Roter Terror, kalte Krieger

Um den rot-roten Senat in Bedrängnis zu bringen, bezeichnet die Berliner CDU die militanten Aktionen der Gentrifizierungsgegner als »roten Terror«. Weil die Berliner CDU längst selbst eine Art Gentrifizierungsopfer ist, wird ihr das nichts nutzen.

Robbin Juhnke ist ein weicher Typ. Einer, der trotz Glatze und eckiger Stahlbrille nichts Hartes hat, einer, dem man im Gespräch von Angesicht zu Angesicht glaubt, dass es ihn ängstigt, wenn Unbekannte vor seinem Haus Autos anzünden. »Denen geht es darum, mir zu zeigen, dass sie wissen, wo ich wohne«, sagt der Berliner CDU-Abgeordnete leise, »das ist ein Versuch, mich einzuschüchtern.«
Im Bekennerschreiben, das der »Aktionstage­ticker« der »Action Days against Gentrification« verbreitete, hieß es, Juhnke sei ein »rechtsaußen Hardliner«, ein »Hassprediger«, einer, der keine »Berührungsängste mit rechtsradikalen Gruppierungen« habe, der »gegen Linksextremismus und Ausländerkriminalität« wettere und der sich »in seinem wahnhaften Kampf gegen Linke« erlaubt habe, »ein Konzept gegen die linksautonome Szene« zu verlangen. Deshalb habe man »zwei Nobelkarossen vor der Wohnung von Robbin Juhnke flambiert«.

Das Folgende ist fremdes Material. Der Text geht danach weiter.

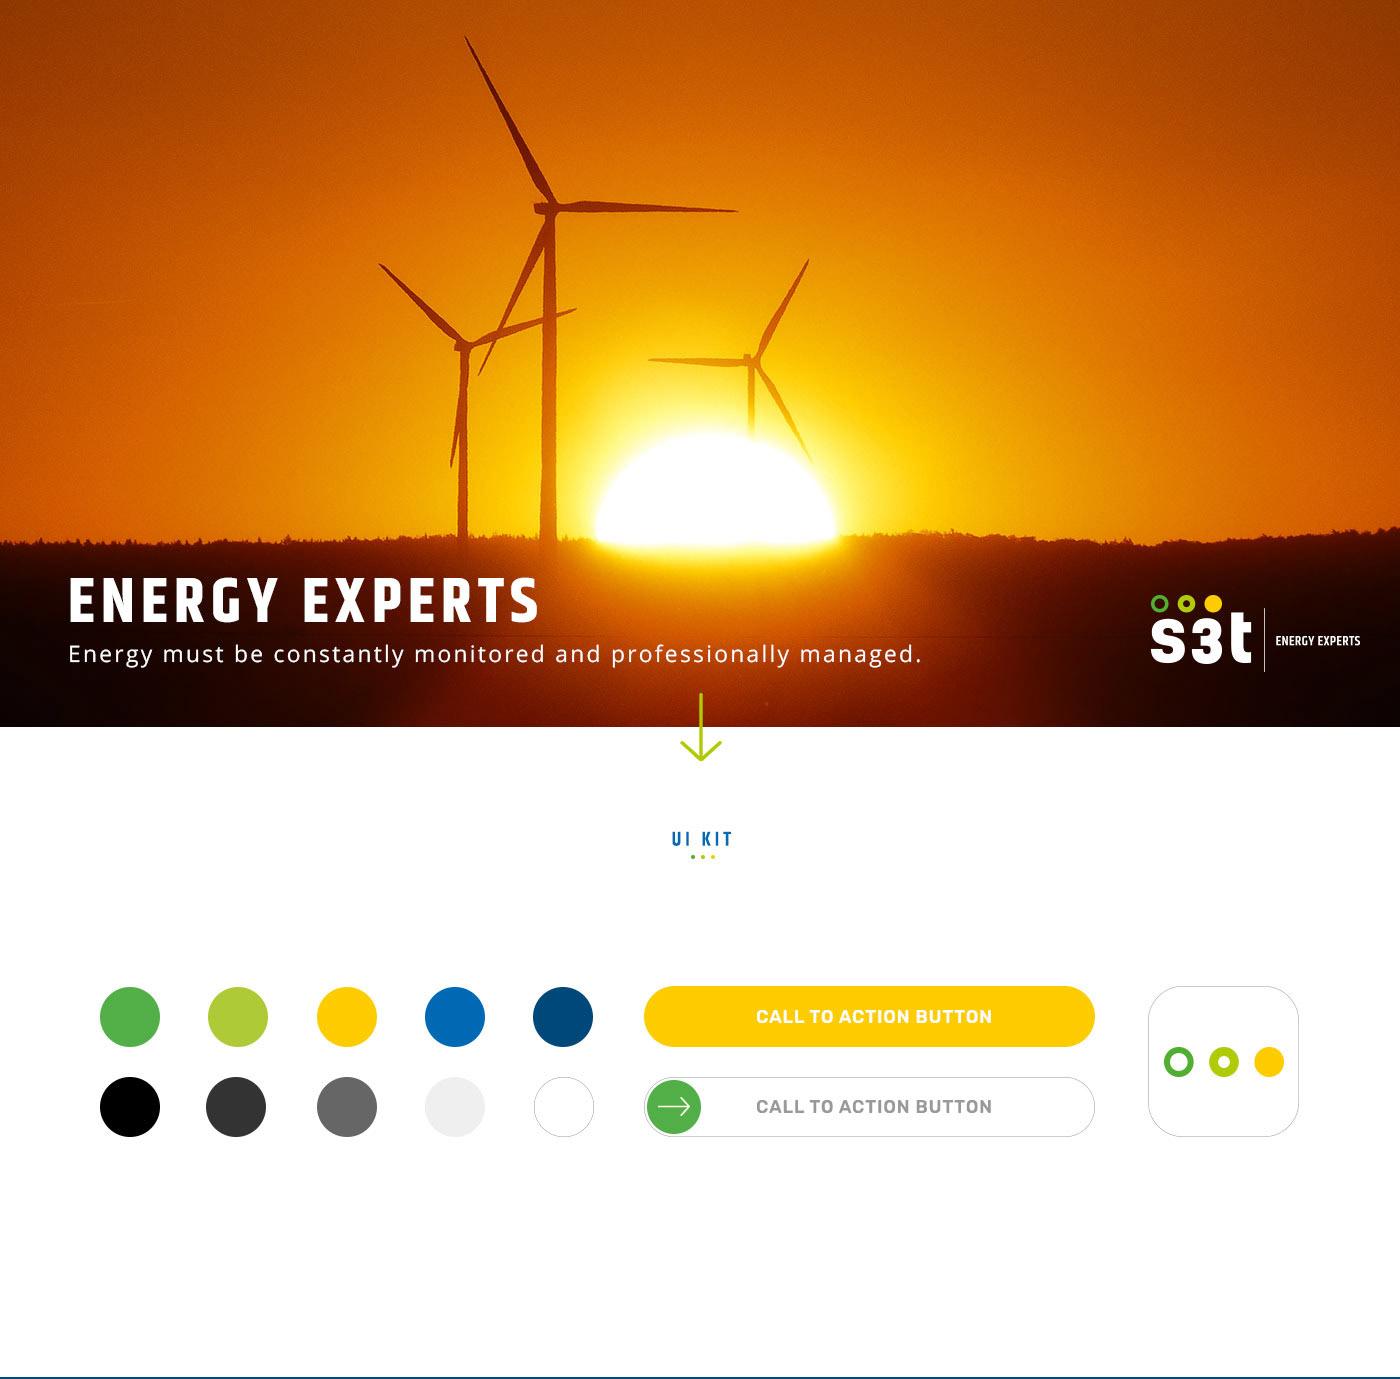 energy,Green Energy,landingpage,onepage,green,Technology,recycle,Renewable Energy,clean energy,innovation
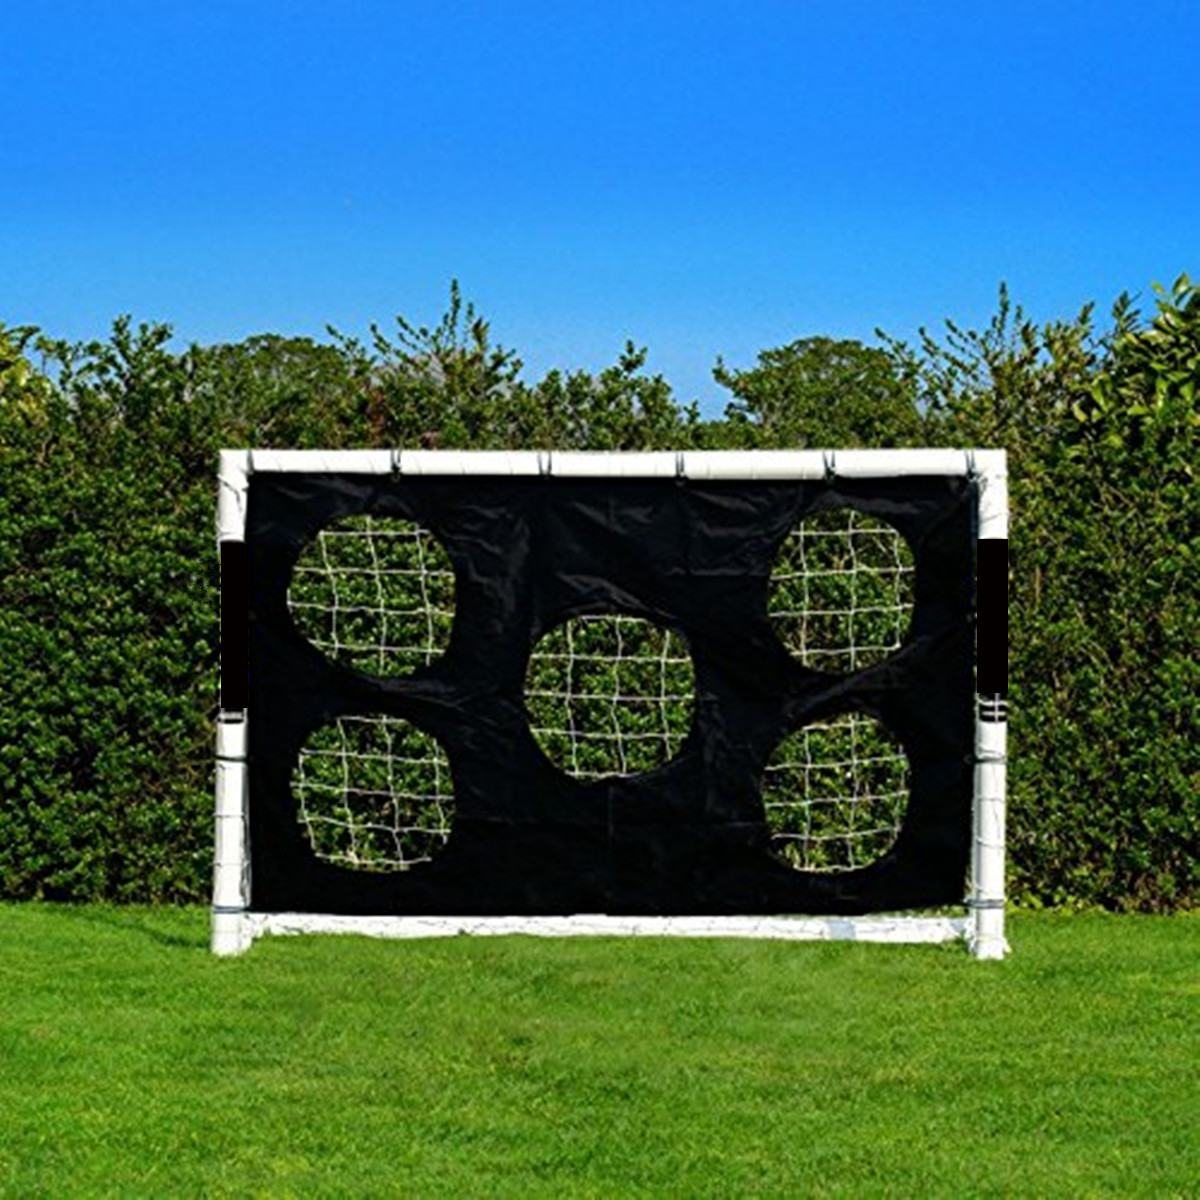 180X120cm Football Training Net Soccer Ball Goal Net Kids Child Birthday Gift Soccer Training Target Indoor Outdoor Sports Gate

Der »Hassprediger« Juhnke steht im Berliner Abgeordnetenhaus und liest gesenkten Kopfes, beide Hände regungslos am Pult, eine lange Liste vor, die nüchtern zusammenfasst, was der Berliner Boulevard seit Wochen in schrillsten Tönen berichtet. Juhnke zählt abgebrannte Autos auf, mit Farbbeuteln oder Steinen beworfene Fassaden. »Rechtsextremismus, Antisemitismus und religiöser Fundamentalismus werden zurecht scharf beobachtet«, sagt Juhnke. Nur die Linksextremen, die lasse man machen.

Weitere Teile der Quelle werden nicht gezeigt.